Gelingt eine Adaptation der Sehnenenden nicht auf konservativem Weg oder ist eine konsequente Plantarflexion z.B. aufgrund von Compliance-Problemen nicht gewährleistet, wird operiert. Oft bedürfen Sehnenrisse nahe des Ansatzes einer operativen Therapie. Dabei können auch Begleitpathologien wie Exostosen vom Chirurgen gleich mitentfernt werden.

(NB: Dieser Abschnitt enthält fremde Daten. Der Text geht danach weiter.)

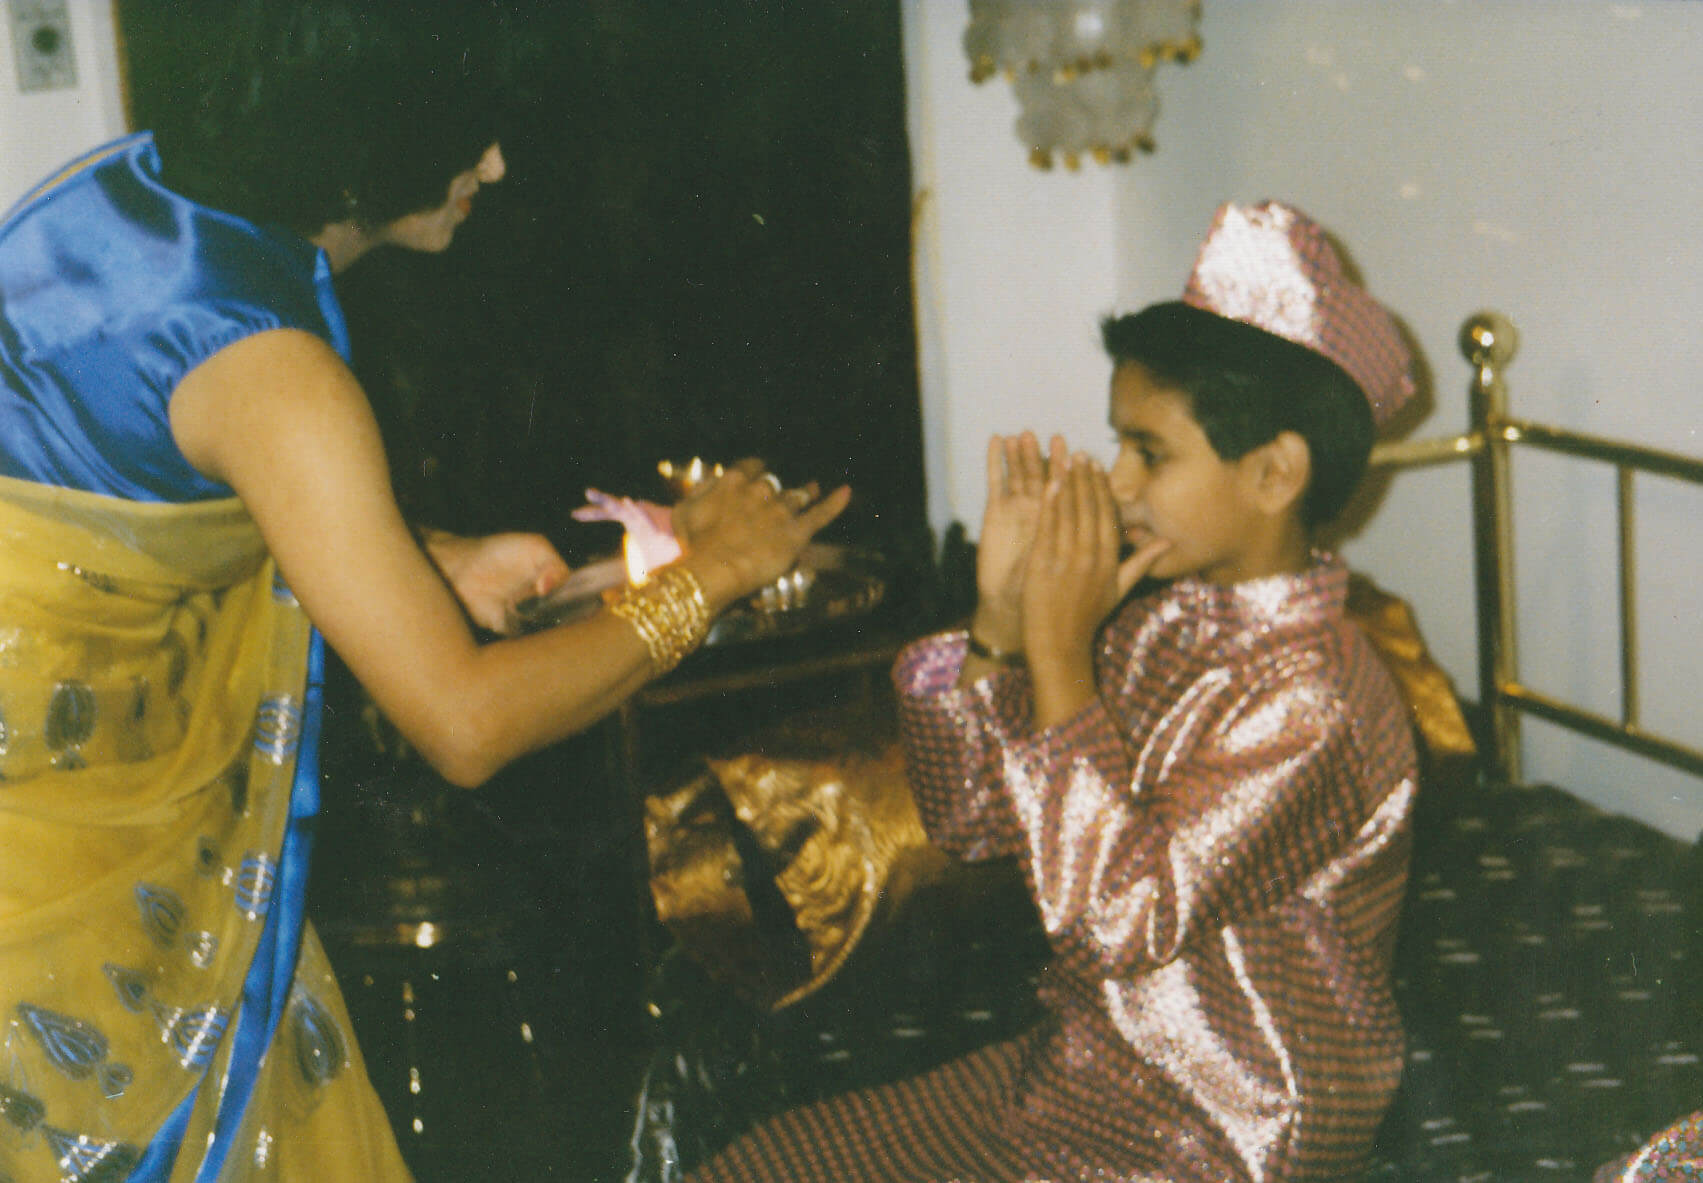 A young Vivek sits in a festive pink outfit, hands raised to her face, while her mother, in a blue and yellow sari, leans towards her with a lit lamp.
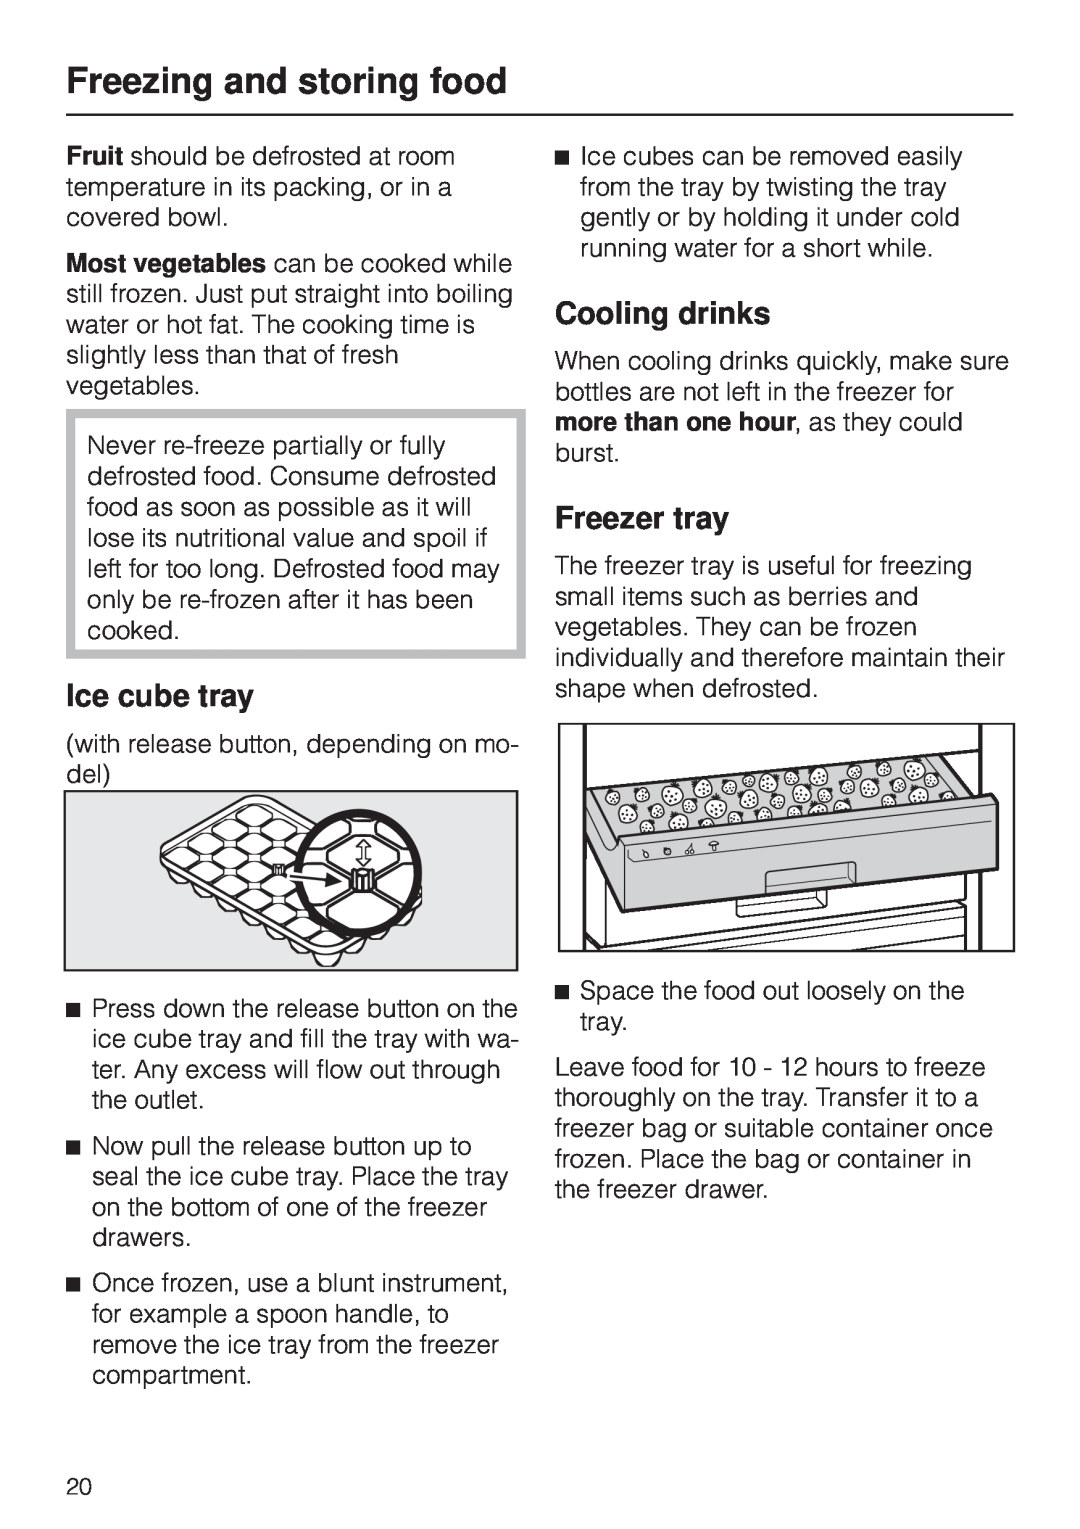 Miele F 311 i-6 installation instructions Ice cube tray, Cooling drinks, Freezer tray, Freezing and storing food

Für die Sehnennaht stehen offene, aber auch Mini-open-Verfahren mit einem perkutanen Nahtkonzept zur Verfügung. Die verschiedenen Techniken zielen immer darauf ab, die Sehnenenden wieder reissfest zu verbinden. Bei älteren Rupturen, degenerativen Veränderungen oder nach ausgeheilten Infekten ist eine End-zu-End-Naht oft nicht mehr möglich. Dann können rekonstruktive Verfahren z. B. mit Plantaris-, Gracilis- oder Semitendinosus-Implantaten die Sehnenkontinuität wiederherstellen.
Nach der Operation wird zwischen dem dritten und zehnten Tag teilbelastet, ebenfalls in Plantarflexion (30o). Bis zur vierten Woche steigert der Patient die Belastung und kann ab der sechsten Woche meist die Orthese ganz weglassen. Nach zwei Monaten ist das Fussgelenk im Alltag wieder belastbar und ca. ab dem vierten Monat sind Lauftraining und Schwimmen erlaubt.
Man weiss heute um die Relevanz einer frühfunktionellen Nachbehandlung. Belastung fördert das Remodeling der Sehnenstruktur und die wieder adaptierten Enden heilen besser, wenn sie auch beansprucht werden. Eine Metaanalyse zeigte, dass die Funktion früher und vollständiger wiederhergestellt wird und die Patienten mit dem Ergebnis zufriedener sind.